Profitable App Profiles - header row

In the exercise here:

https://app.dataquest.io/m/350/guided-project%3A-profitable-app-profiles-for-the-app-store-and-google-play-markets/5/removing-duplicate-entries-part-two

it was stated :

Loop through the Google Play data set (make sure you don’t include the header row).

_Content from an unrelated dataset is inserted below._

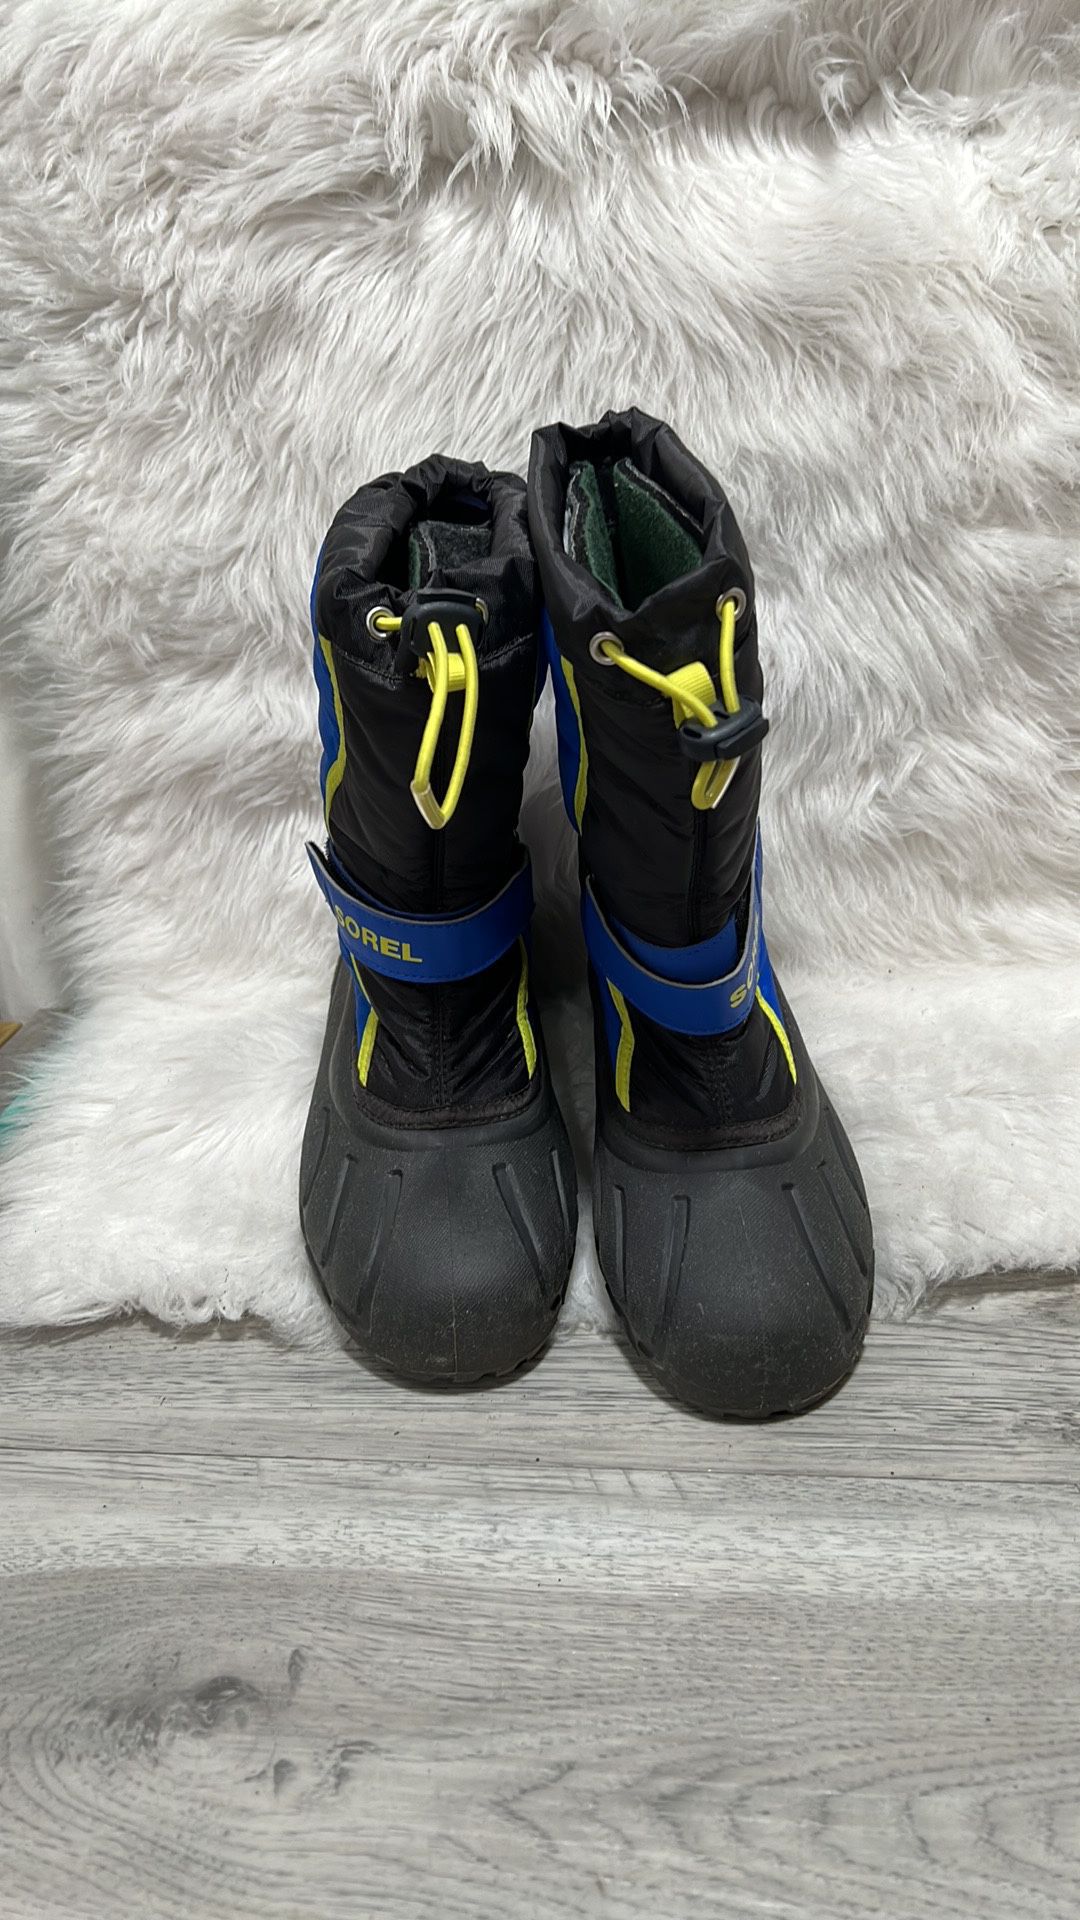 Sorel Flurry Weather Resistant Snow Boots Big Kids size 5

However I do not see where this is being achieved in this function; if somebody could advise please? ‘Name = app[0]’ looks to me like it is taking from the header row, so I am a bit confused.

duplicate_apps = []
unique_apps = []

for app in android:
    name = app[0]
    if name in unique_apps:
        duplicate_apps.append(name)
    else:
        unique_apps.append(name)
    
print('Number of duplicate apps:', len(duplicate_apps))
print('\n')
print('Examples of duplicate apps:', duplicate_apps[:15])

This function:

def explore_data(dataset, start, end, rows_and_columns=False):
    dataset_slice = dataset[start:end]    
    for row in dataset_slice:
        print(row)
        print('\n') # adds a new (empty) line after each row

    if rows_and_columns:
        print('Number of rows:', len(dataset))
        print('Number of columns:', len(dataset[0]))

It was stated:

dataset shouldn’t have a header row, otherwise the function will print the wrong number of rows (one more row compared to the actual length).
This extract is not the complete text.